In any case, I’m more than happy to analyze your paper if you will send me a link to the paper and another link to the dataset as used in the study.
Finally, both you and the authors seem entranced with the idea that when you take out part of the data you get different periodicities … for heaven’s sake, what did you expect???
w.
PS—My rule of thumb is that if a claim is only established by a look at proxies from thousands of years ago, it is a very weak claim and should be treated with great suspicion … and your cited paper is no exception. Yes, as you say, you can make all kinds of claims for longer term periodicities … but if you look at the various authors addressing the same question with different proxies, they rarely find the same periodicities.
Willis,
There is no perfect proxy record. Luckily we have two different proxies for the solar modulation of galactic cosmic rays that undergo different climate pathway modification. The knowledge of those pathways has also improved, so our reconstruction of past solar activity combining all this knowledge and both proxies is improving.
You can find the paper:
McCracken, K. G., et al. “A phenomenological study of the cosmic ray variations over the past 9400 years, and their implications regarding solar activity and the solar dynamo.” Solar Physics 286.2 (2013): 609-627.
here:
http://sci-hub.io/10.1007/s11207-013-0265-0
This paper uses different sets of data and some of them are modified by mathematical functions. The data that is available is the main one, that is used to establish the solar modulation function Φ:
“Recent studies (Steinhilber et al., 2012) have combined all available data for the past 9400 years, thereby extracting the solar signal from extraneous atmospheric and climate-related effects. This article examines this new record in both the time and frequency domains, which yields detailed information regarding the time-dependent modulation of the galactic cosmic-rays by the Sun, and by inference, the long-term variability of solar activity and the solar magnetic dynamo.”

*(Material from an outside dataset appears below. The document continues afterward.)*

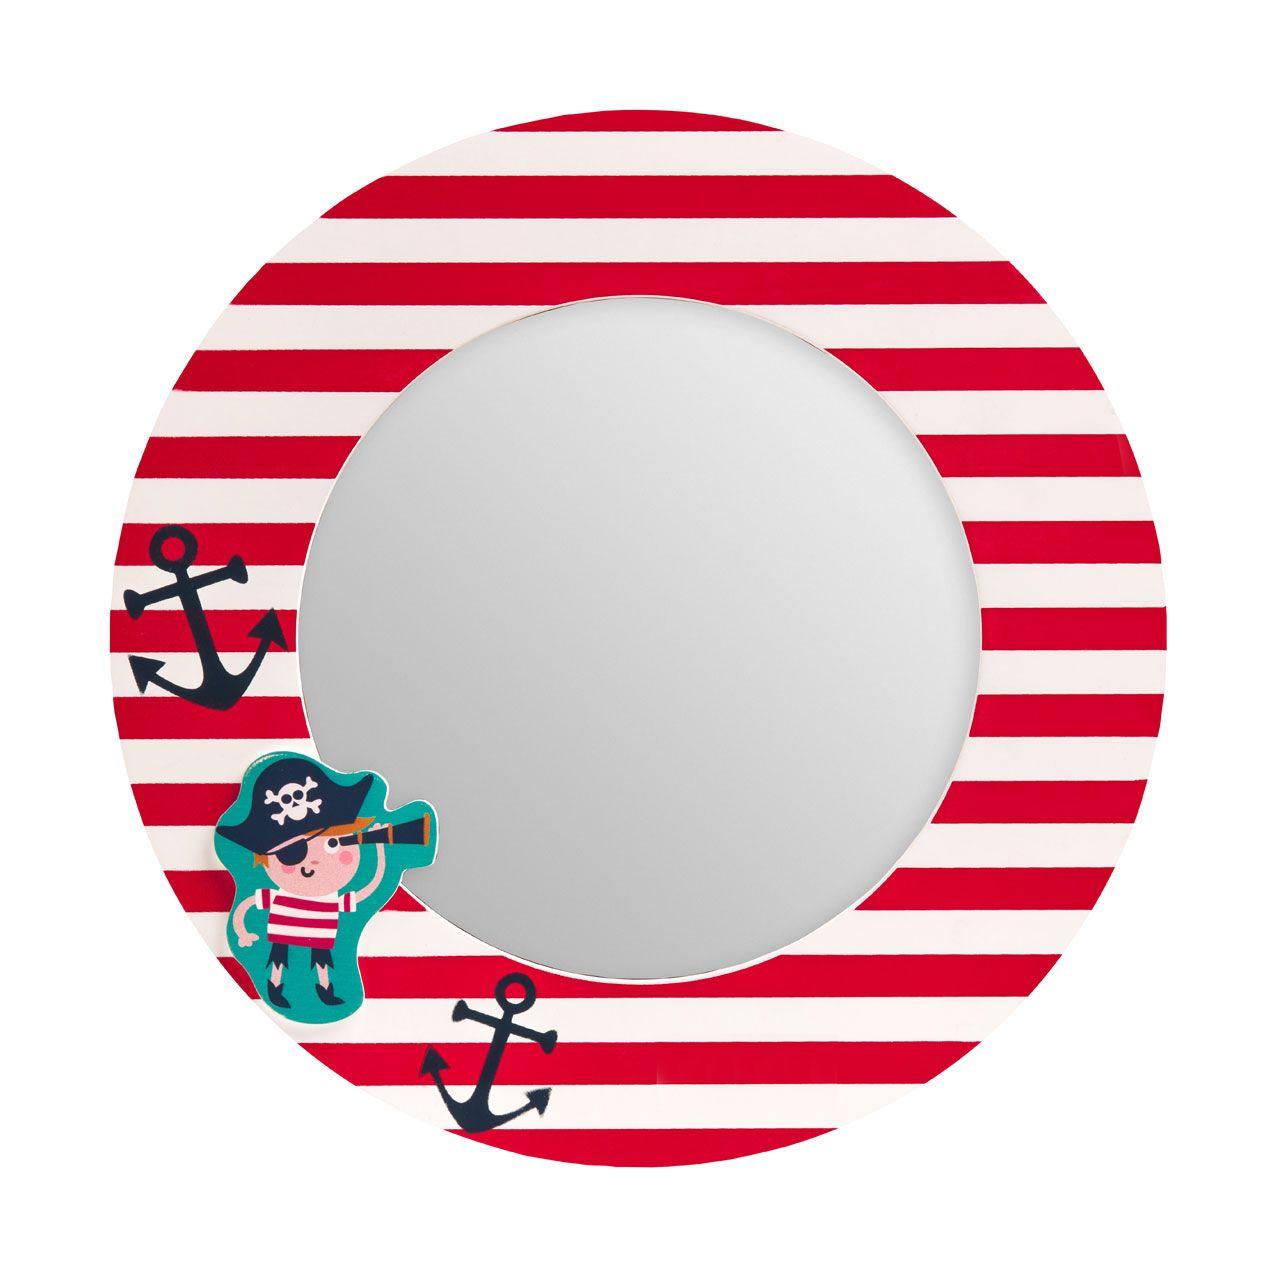 Red and White Round Logo - Premier Pirate Kids Wall Mirror, Red & White Round 30 x 1 x 30cm

This data is available here:
ftp://ftp.ncdc.noaa.gov/pub/data/paleo/climate_forcing/solar_variability/steinhilber2012.txt
ftp://ftp.ncdc.noaa.gov/pub/data/paleo/climate_forcing/solar_variability/steinhilber2012.xls
We can discuss the importance of these periodic oscillations and whether they constitute a true cycle or not, but many of them are found study after study, both in climate proxies and in these solar proxies, so their existence is pretty solid and not due to climate contamination.
@ur momisugly Willis Eschenbach
April 21, 2016 at 11:14 am : So, a matter of raining on Lief reining in? Sorry, couldn’t resist either.